(Beginning of Input material)

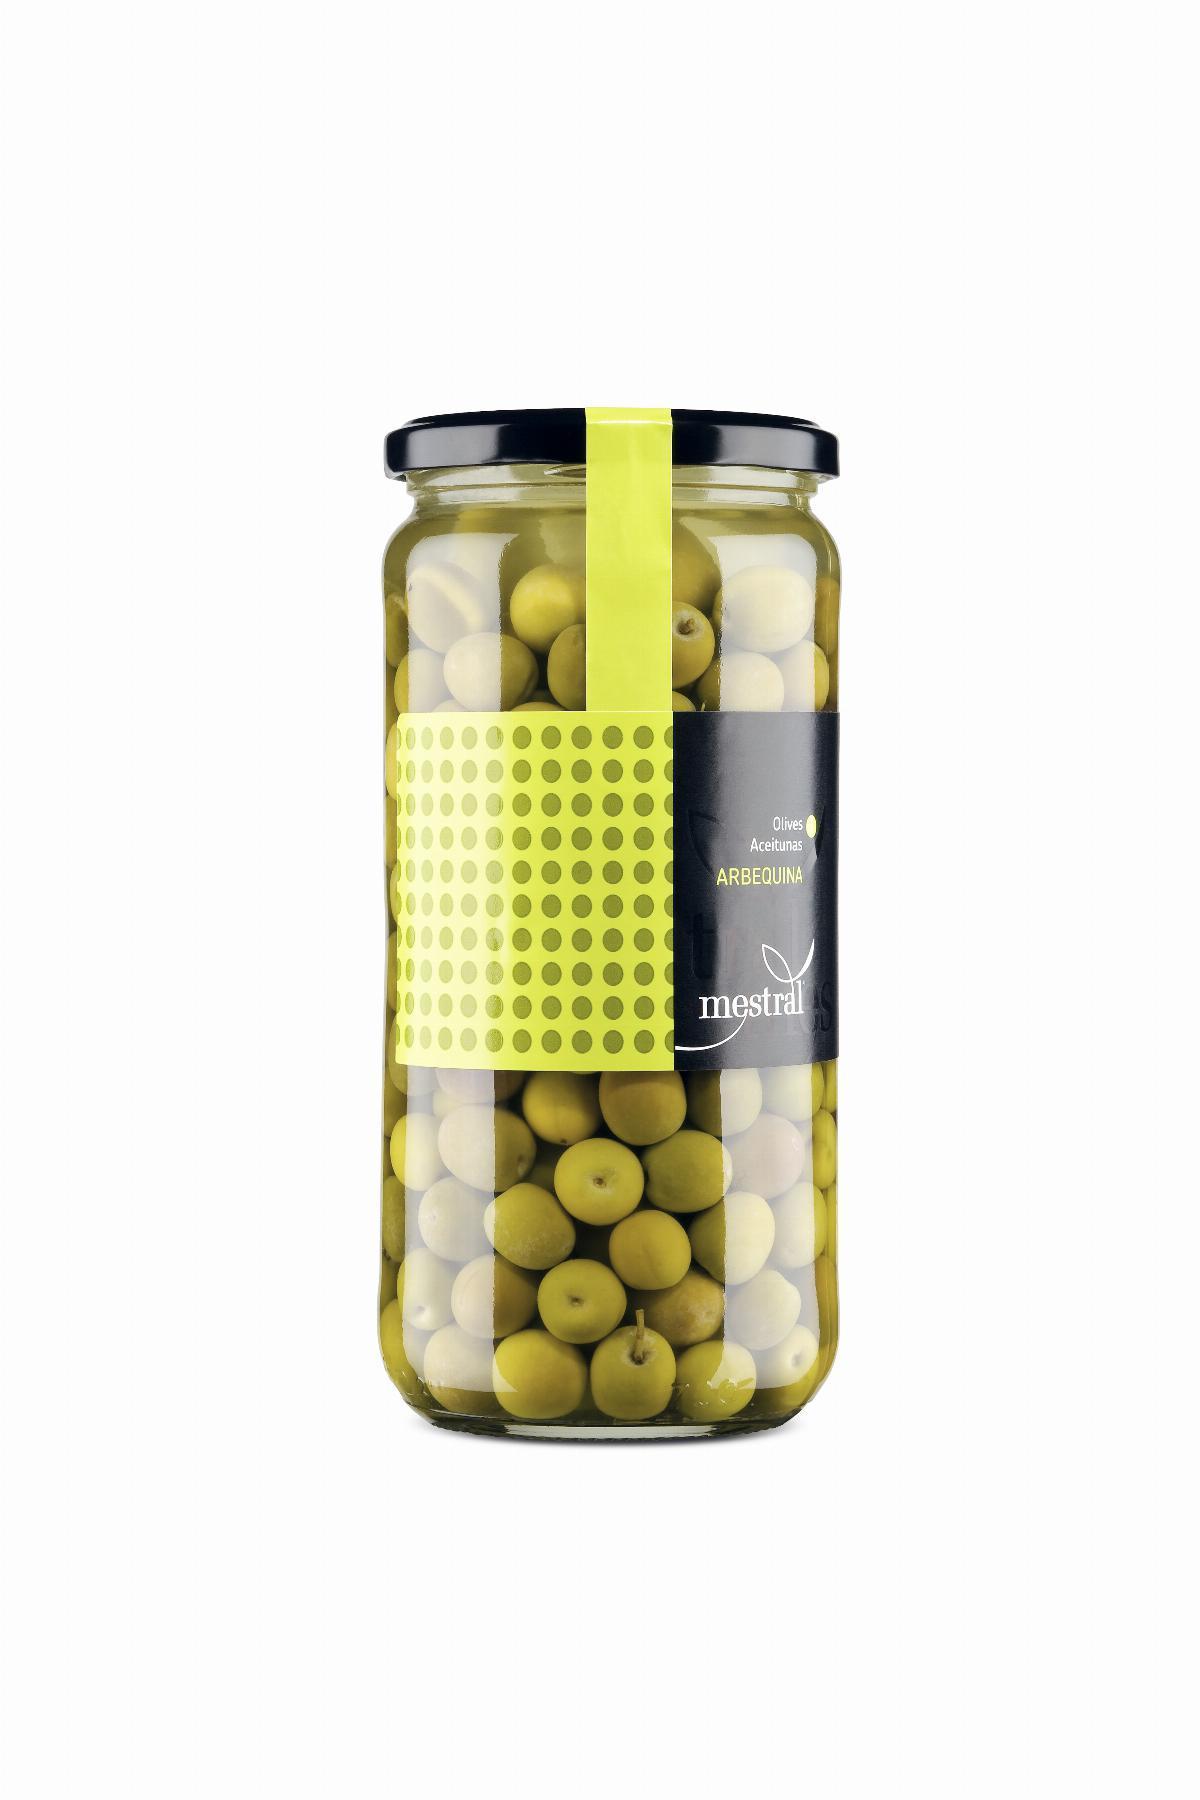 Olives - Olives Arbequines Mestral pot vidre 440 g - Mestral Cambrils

(End of Input material)
(Beginning of Input material)

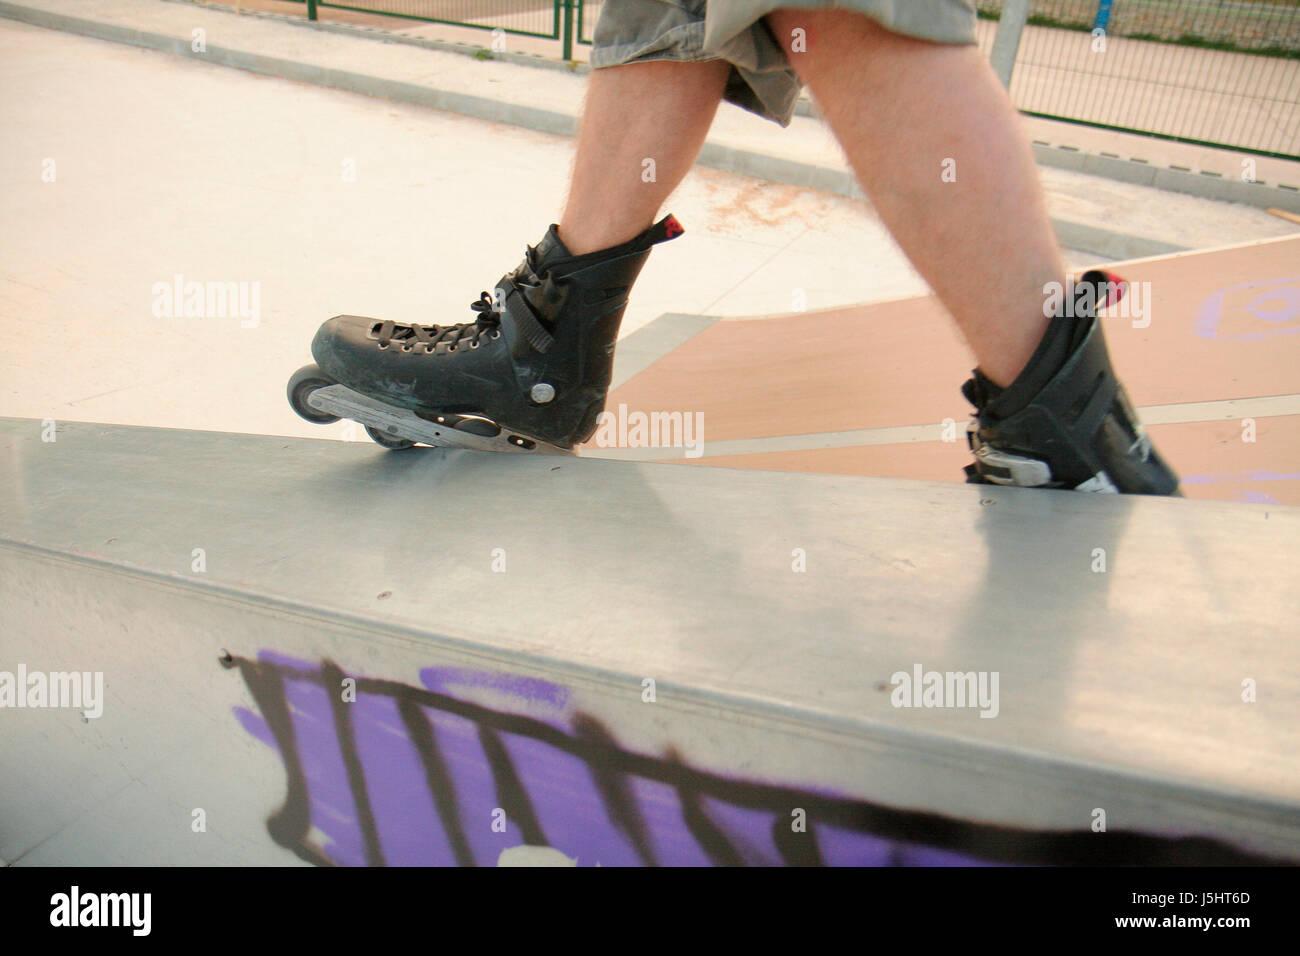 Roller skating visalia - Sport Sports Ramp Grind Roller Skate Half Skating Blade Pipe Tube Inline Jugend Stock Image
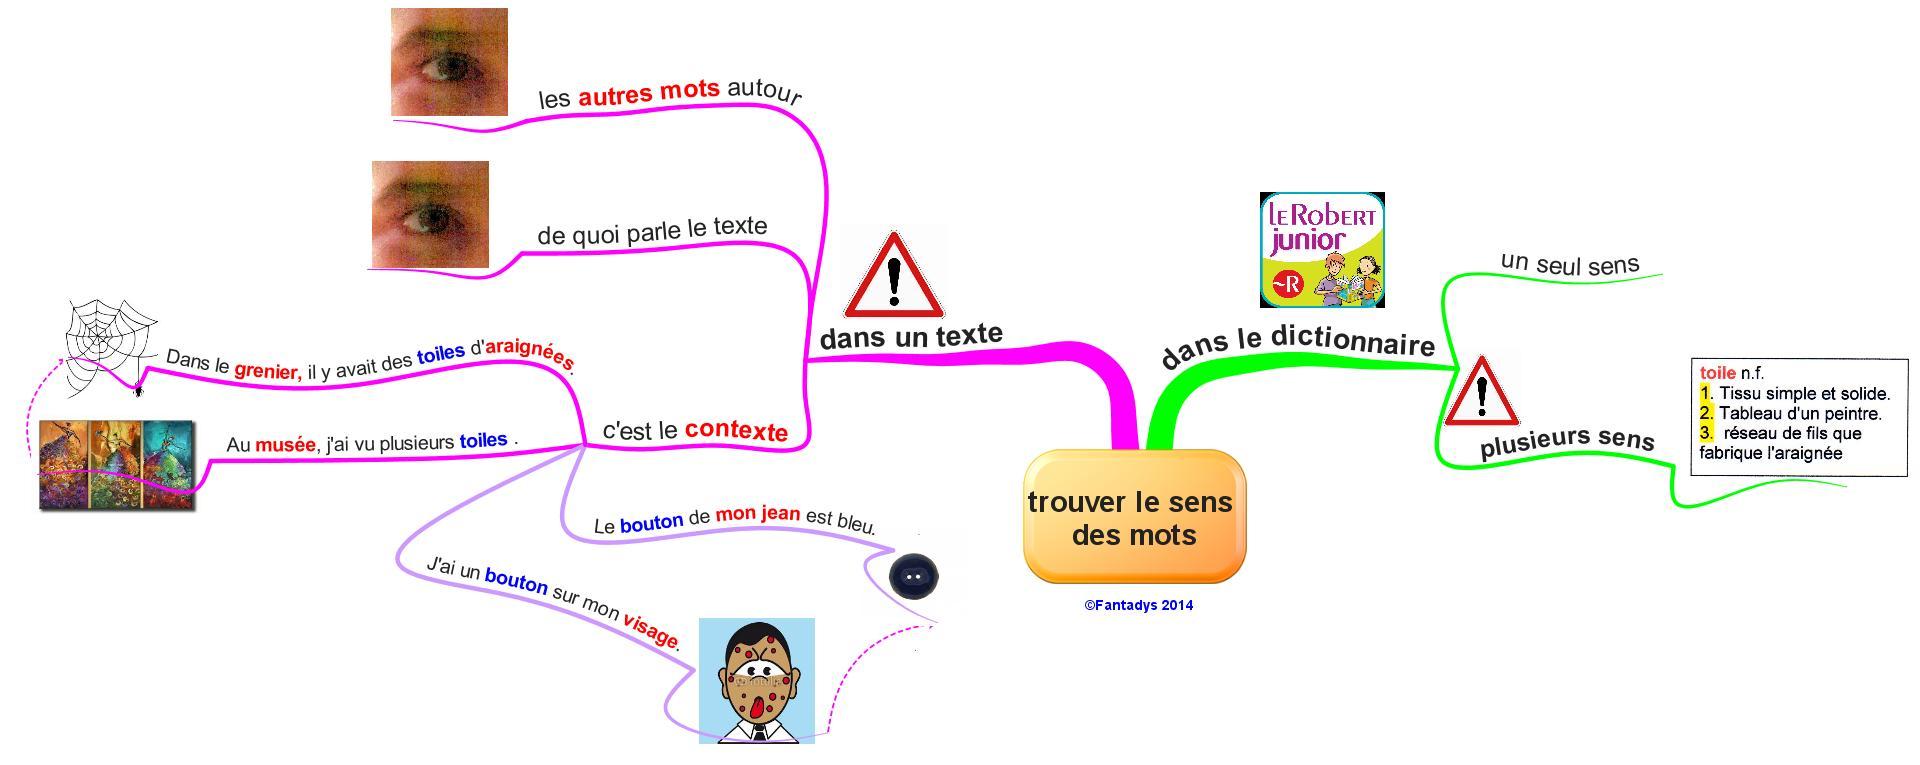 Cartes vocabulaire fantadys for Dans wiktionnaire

(End of Input material)

Would you write out exactly the lines above, starting at the line containing "Roller skating visalia" and stopping after the line containing "Cartes vocabulaire fantadys"? Omit the pictures.

 Roller skating visalia - Sport Sports Ramp Grind Roller Skate Half Skating Blade Pipe Tube Inline Jugend Stock Image
 Cartes vocabulaire fantadys for Dans wiktionnaire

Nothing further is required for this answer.